# Sum of Two Sides of Triangle Greater than Third Side

## Theorem

Given a triangle $ABC$, the sum of the lengths of any two sides of the triangle is greater than the length of the third side.

In the words of Euclid:

In any triangle two sides taken together in any manner are greater than the remaining one.

## Proof Let $ABC$ be a triangle.

By Euclid's Second Postulate, we can produce $BA$ past $A$ in a straight line.

By Construction of Equal Straight Lines from Unequal, there exists a point $D$ such that $DA = CA$.

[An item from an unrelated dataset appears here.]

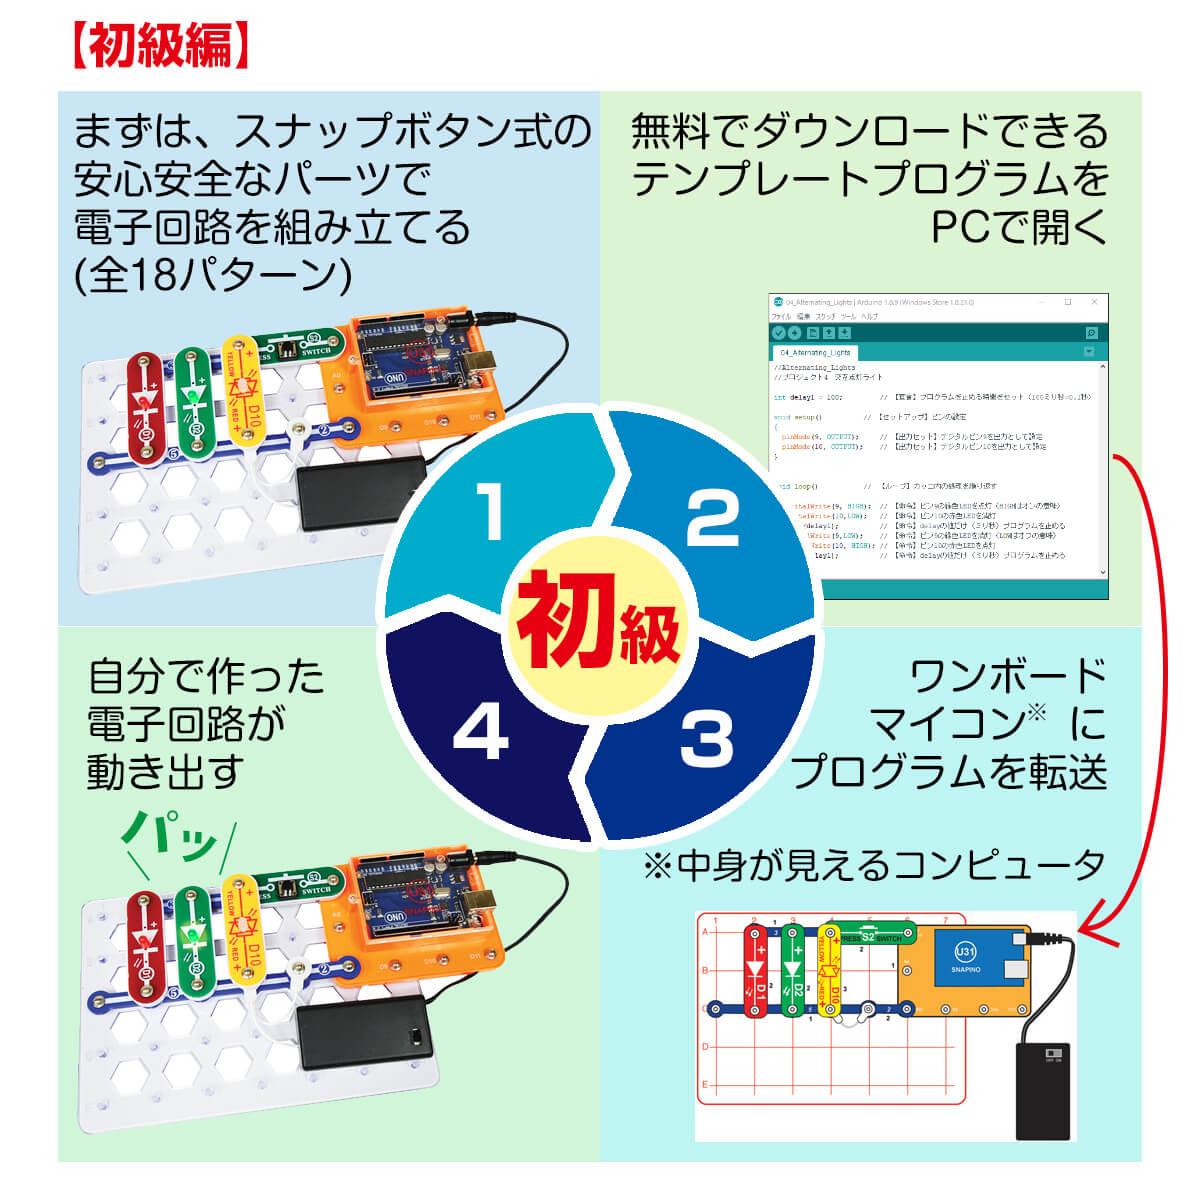 正規品 電脳プログラミング ビギナー プログラム教育必修化 自分で作った電子回路をプログラム Arduinoで動かすAI時代の知育玩具 STEM 子供 おもちゃ

Therefore, from Isosceles Triangle has Two Equal Angles:

$\angle ADC = \angle ACD$

Thus by Common Notion $5$:

$\angle BCD > \angle BDC$

Thus $\triangle DCB$ is a triangle having $\angle BCD$ greater than $\angle BDC$

$BD > BC$

But:

$BD = BA + AD$

and:

$AD = AC$

Thus:

$BA + AC > BC$

A similar argument shows that $AC + BC > BA$ and $BA + BC > AC$.

$\blacksquare$

## Historical Note

This proof is Proposition $20$ of Book $\text{I}$ of Euclid's The Elements.
It is a geometric interpretation of the Triangle Inequality.